Today I was reading a web page, (something I do allot). The page had reams and reams of text, and not allot of formatting, so it was very hard to work though.
Now those of you that know me, know I am extremely partial to the web browser Mozilla FireFox.
I’m about to show you a couple of the reasons why I love it so much.
One of the benefits of FireFox is its extensions, these are small browser plug ins that easily add extensive extra functionality to FireFox. My two fav extensions are:
– Web Developer.
– EditCSS.
I’m going to focus on EditCSS in this little story to show how it can help you with every day browsing as it did me.

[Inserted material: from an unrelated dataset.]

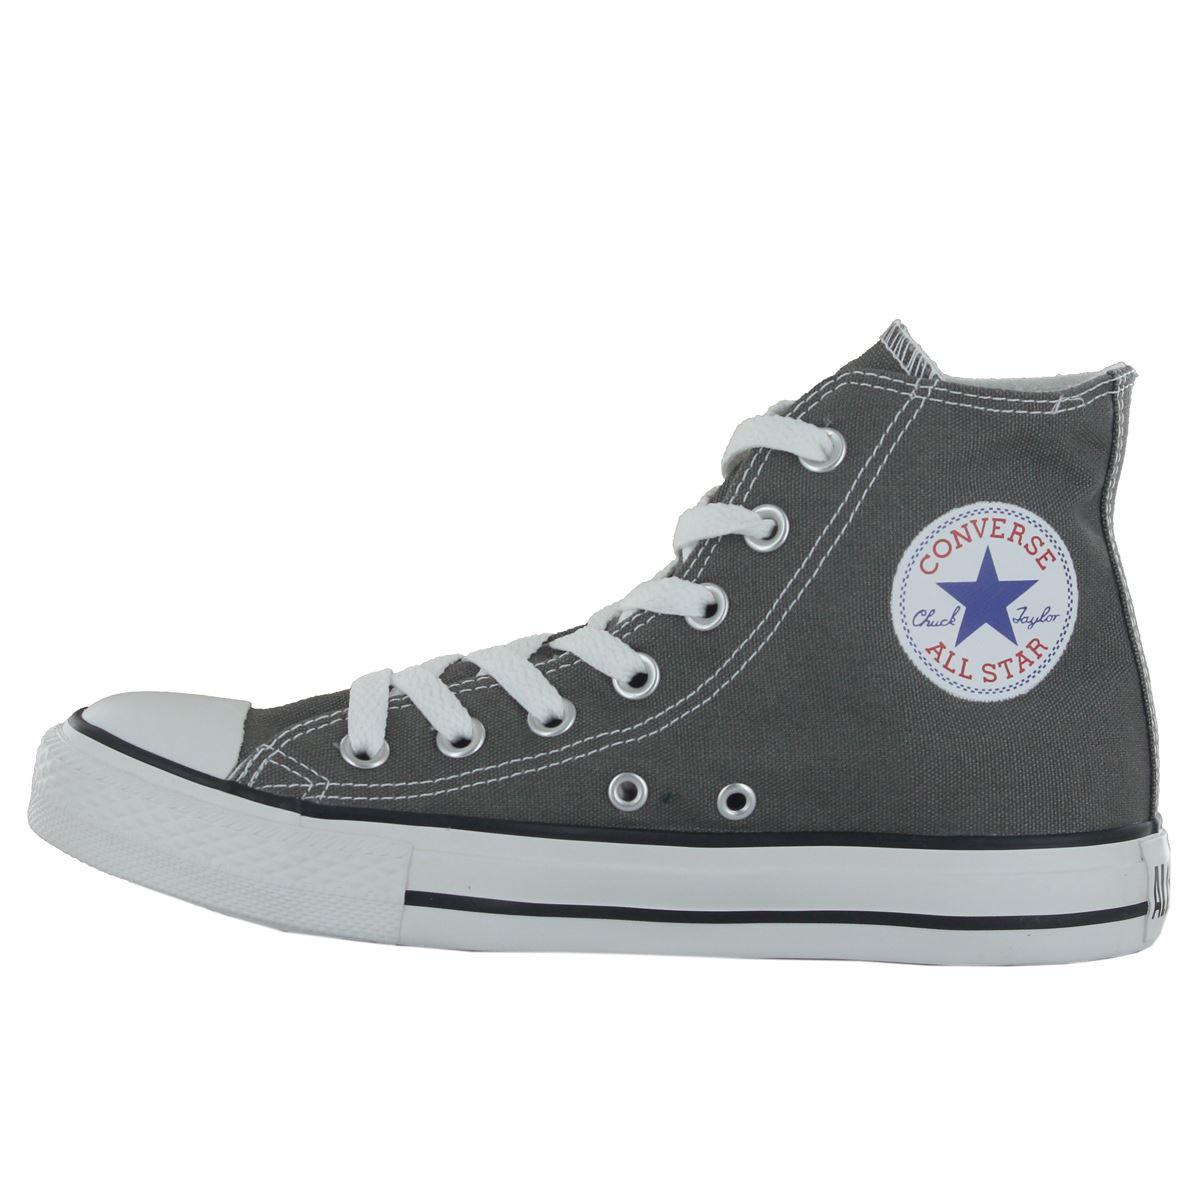 Converse-Chuck-Taylor-All-Star-Hi-Canvas-Mens-Womens-Ladies-Unisex-Trainers miniatuur 20
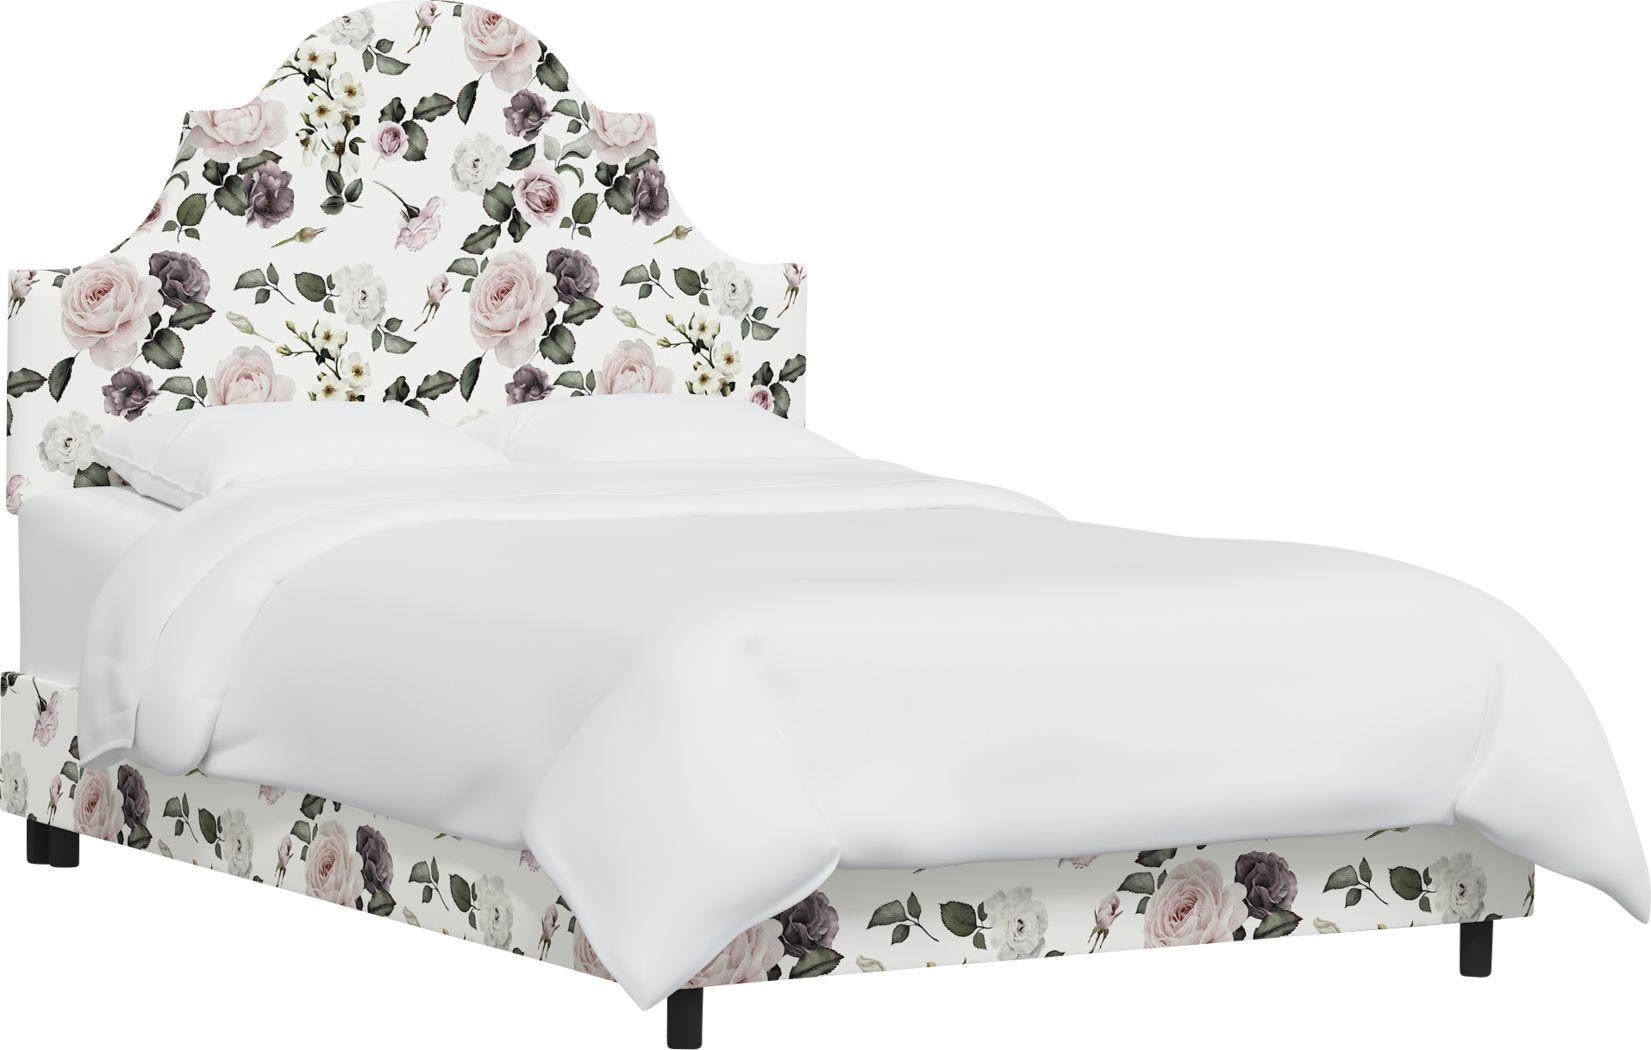 Barn Chic Cream King Upholstered Bed

Anyway, I was trying to force myself to read this huge page full of text with no margins and only small paragraph breaks and it was hard work, so I decided to see what I could do about it. The EditCSS extension puts an entry on the right click menu called “Edit CSS” which I selected. It then opened a panel beside the page with all the CSS for that page in it. Any changes made to the CSS in that panel instantly effects the page beside it. (and any changes you make stay there once you close the side panel, only a refresh will remove them.)
So to make the page more readable, I added my first snippet to the sidebar CSS:
body{ margin-left: 20px; margin-right: 20px; }
That helped alittle, but the paragraphs where still not separate enough for my liking, so I added another:
p { padding-top: 10px; padding-bottom: 10px;}
Perfect! Now the page was broken up into clearly defined paragraphs that were much easier to read. I should note that using other CSS, I could have changed the background or text color, removed a distracting background image or anything else I wanted to. Brilliant stuff..
I normally use the EditCSS extension when I am developing pages and I need to play with the CSS to get it just right.
(so I can make changes to a pages CSS and get instant feedback on its effect, and then copy the changed/added CSS to the actual stylesheet once I get it perfect).
Its nice, and very handy to be able to use it for reading some of the really nasty pages on the net that often contain interesting or useful information, but are hard to read due to bad formatting, or bad choices of text/background colors, of background images that obscure the text etc.
I plan to cover the Web Developer extension at a later date, because it is potentially even more useful then the EditCSS extension for web developers.
For now, I’ll direct you to the page that details FireFox extensions, there are hundreds of really handy little addons for FireFox that make a good browser into a really excellent browser. FireFox browser Extensions.
I should add, that FireFox, and the extensions for it are free and developed by the Open Source community.
INSERT, I should note here, that the newest release of Firefox (0.9), appears to have the EditCSS extension, or at least parts of it, included by default. (actually it seems to include features that the EditCSS extension did) so you don’t need to manually install that one anymore. Since I love the ability to edit CSS on the fly, I think that inclusion was a brilliant idea.